我信任這個婦人不會玩心計,但我不相信馳晏會完全放心我這個外來之人。
“小槿覺得婆婆似乎並不想君上做這些事……”我又補充道,“對此……有些好奇。”
“這個麽……”她並沒有馬上回答,伸手撚來一片花瓣,“君上所做的事情自有他的道理,我看著卻也有我的想法。但女子不幹涉朝中之事,婆婆並不會去想辦法改變君上的想法。”
“婆婆隻希望有些人別後悔,別受傷。好好的就行。”
“天下合久必分,戰爭之事總是會隔些日子便發生一次。婆婆無需想那麽多。”
“……軍師你並不明白。有些事情往往不是表麵上看到的那樣。”她將花瓣揉碎散開,“我們總是害怕那些未知的事情,而有些人專會利用那些未知的事情,然而未知的終究是未知的,我們難以提前判斷它的利弊……會來的都會來……軍師,聰明如你,麵對這個知道怎麽辦麽?”
“……”我默然不語。
“兵來將擋,水來土掩。婆婆是這麽想的。因為,繞一圈,事情還是會回到原本的發展道路上。”
她拍了拍我的背:“君上需要你。”
說罷,輕柔地起身,慢慢地走遠了。
我怔愣著思索她的話,一坐又是晌久。
“軍師。”一個黑衣人忽然躥至我麵前。
“何事?”
“君上下令提前五日出兵。請軍師前去閱兵。”
提前五日?!
閱兵台上,馳晏背手而立,見我來微微點了點頭。
“君上欲提前五日出兵?”
“兵貴神速。四日準備足矣。”
“是。”我輕聲答道。
“軍師,看我怖軍如何?”馳晏的嘴角浮起一絲笑意。
“一人能敵北唐十人。

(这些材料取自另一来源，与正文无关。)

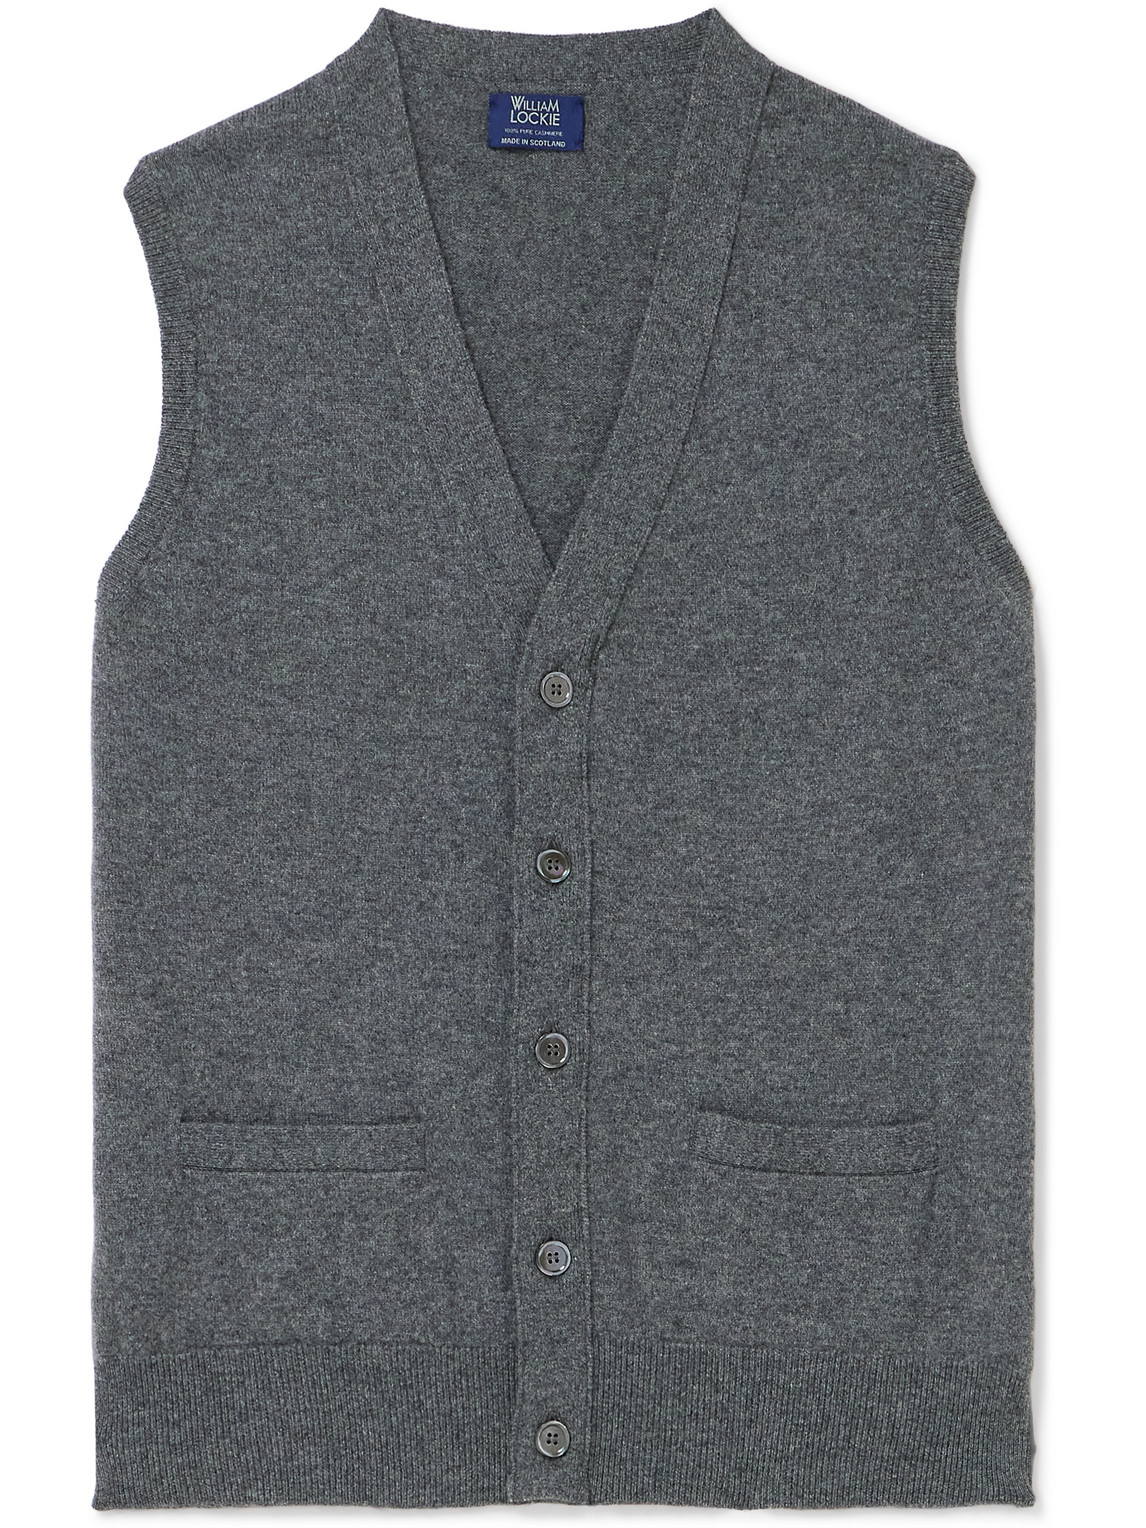 William Lockie - Oxton Cashmere Sweater Vest - Men - Gray - S for ผู้ชาย

”我沒有誇張。
“的確。”他的笑容入了眼底。
“君上可有天下之心?”我試探地問道。
“軍師你呢?”他看了我一眼,眸中有著睥睨的光芒。
有著這樣的軍隊,這樣的實力,這樣的才幹,誰人沒有雄心?何況馳晏意在四界。
我意識到,前方站著的這個黑袍男子,已經成為了天下名副其實的魔。為了那個人,他要這世界償還一切,哪怕賠上全天下的人!這樣的魔,心念早已根固。除非歲月倒流換他一個愛人,否則他便堅決令這四界陪葬!
要阻止他?除非卸了他的左右手,一劍刺穿他的心口!
心口……我的目光忽然被他胸口的一塊紋石吸引。
藍色的淚滴形寶石被烏黑的金屬抱攏著,在陽光下並不惹眼。可是一旦注意到它,便一定會被它的神秘之感深深吸引……而它對我而言還有著一種奇特的熟悉感。
……我的心中有了一個猜測。
夜間,我用藥水搽臉,使得麵皮修複得更加真實,同時散出了一道法力,通知小和尚提前發兵的事情。
熄了燭火,我已換上簡形黑衣,遁身出門。
水婼晴、太後和馳晏三人都住在東麵。我飄行至水婼晴的屋子,發現並無人在,便回身向太後處去。
三人竟都在那裏。馳晏小品著茶,翻看著一本書。水婼晴幫著太後一起縫製一件黑衣,似乎是馳晏的衣裳。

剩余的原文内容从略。